Search code examples
pythonpython-3.xalgorithmlcs

Find sublists with common starting elements - python


I have a nested list:

lists =[['a','b','c'],
        ['a','b','d'],
        ['a','b','e'],
        ['с','с','с','с']]

I need to find sublists with 2 or more common (2 or more occurrences) first elements, make a single string from this elements, and make a single string from sublists, which does not contain common first elements. Sublists can go in different order, so just checking next or previous element is the wrong way, I suppose. Desired output:

   [['a b','c'],
    ['a b','d'],
    ['a b','e'],
    ['с с с с']]

I tried some for loops, but with no success. I currently don't know, where to start, so any help would be appreciated.

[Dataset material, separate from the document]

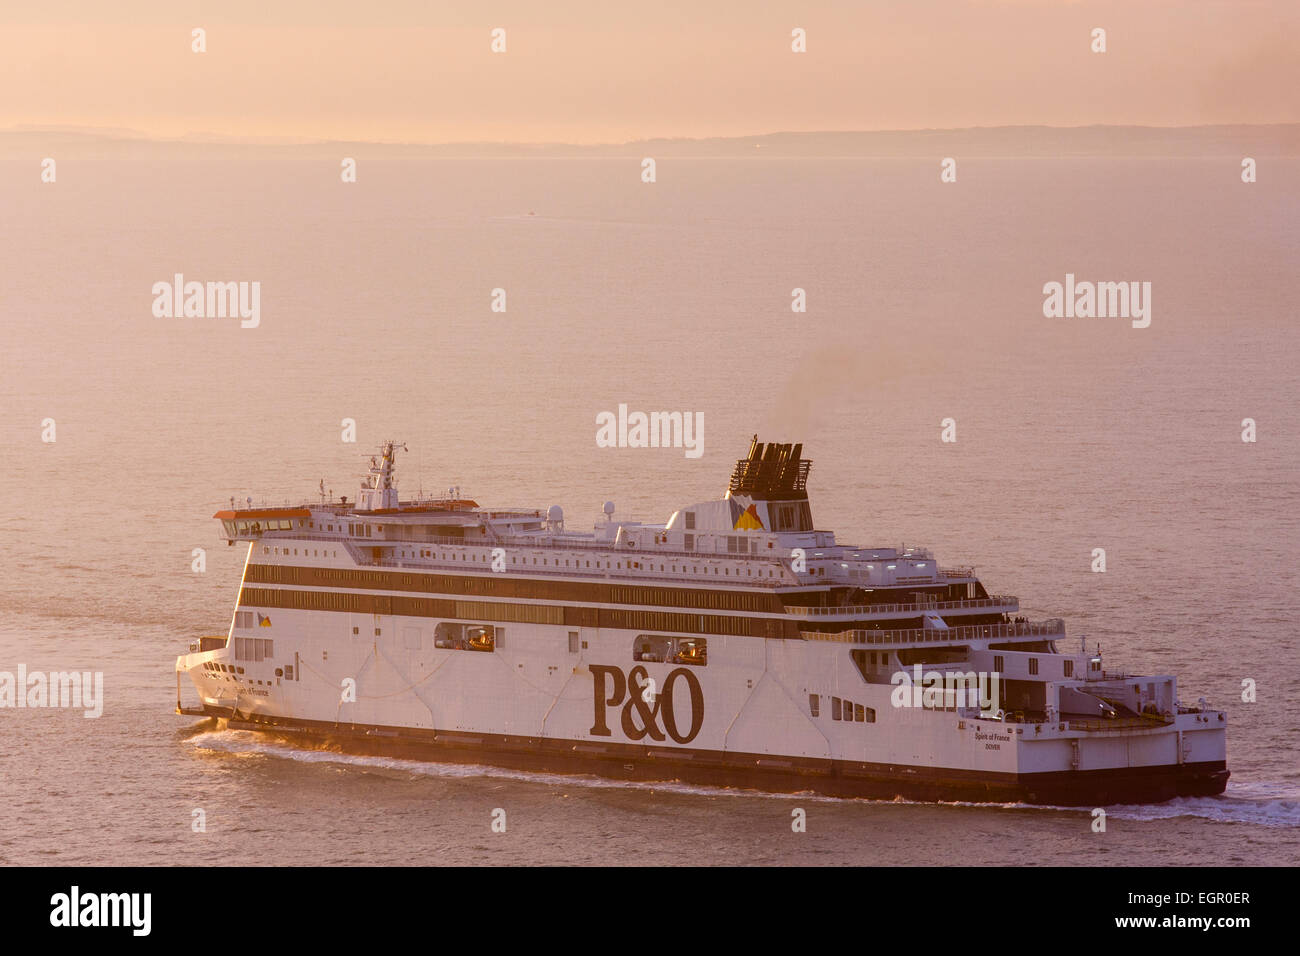 Un traghetto per auto P&o "Spirit of France" che parte da dover attraverso la Manica verso la costa francese sullo sfondo, in un'alba. Foto Stock
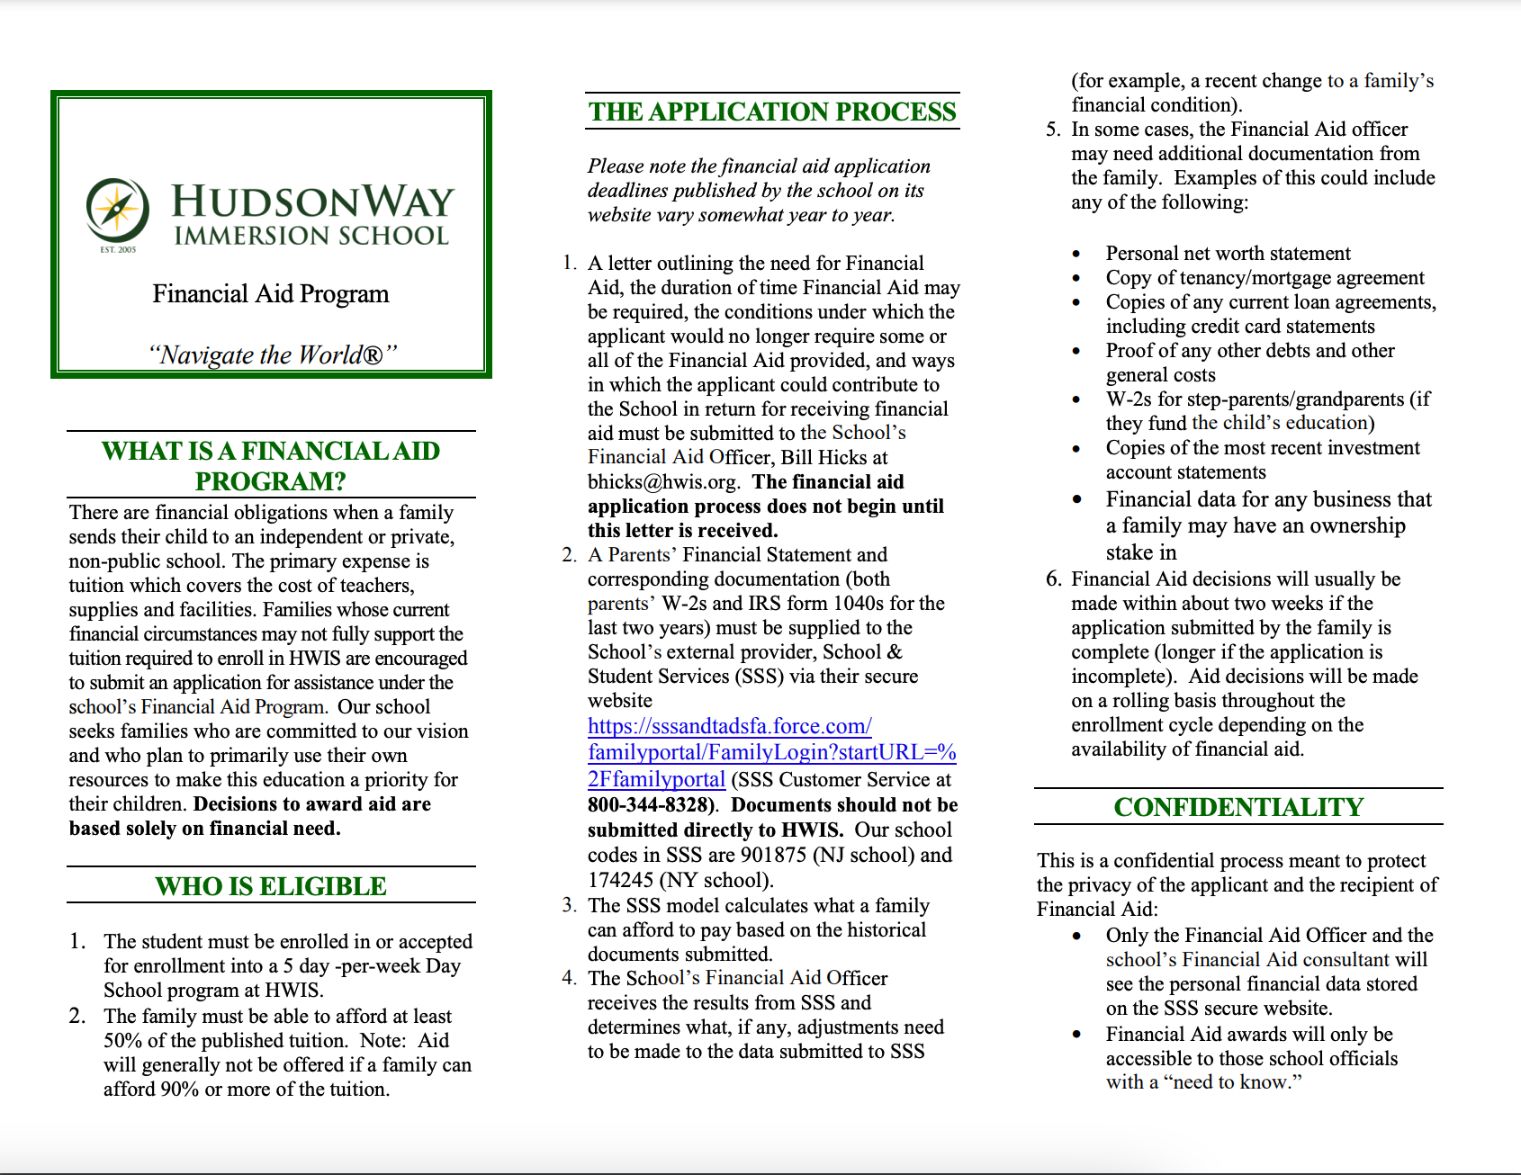 Financial Aid Program | HudsonWay Immersion School

Thank you for your time!


Solution

  • Probably not the most efficient way, but you could try something like this:

    def foo(l,n):
        #Get all of the starting sequences
        first_n = [list(x) for x in set([tuple(x[:n]) for x in l])]
    
        #Figure out which of those starting sequences are duplicated
        duplicates = []
        for starting_sequence in first_n:
            if len([x for x in l if x[:n] == starting_sequence])>2:
                duplicates.append(starting_sequence)
    
        #make changes
        result = []
        for x in l:
            if x[:n] in duplicates:
                result.append([" ".join(x[:n])]+x[n:])
            else:
                result.append([" ".join(x)])
    
        return result
    

    Set's have no repeats, but elements of sets must be hashable. Since lists are unhashable, that is why I have converted them into tuples and then back into lists.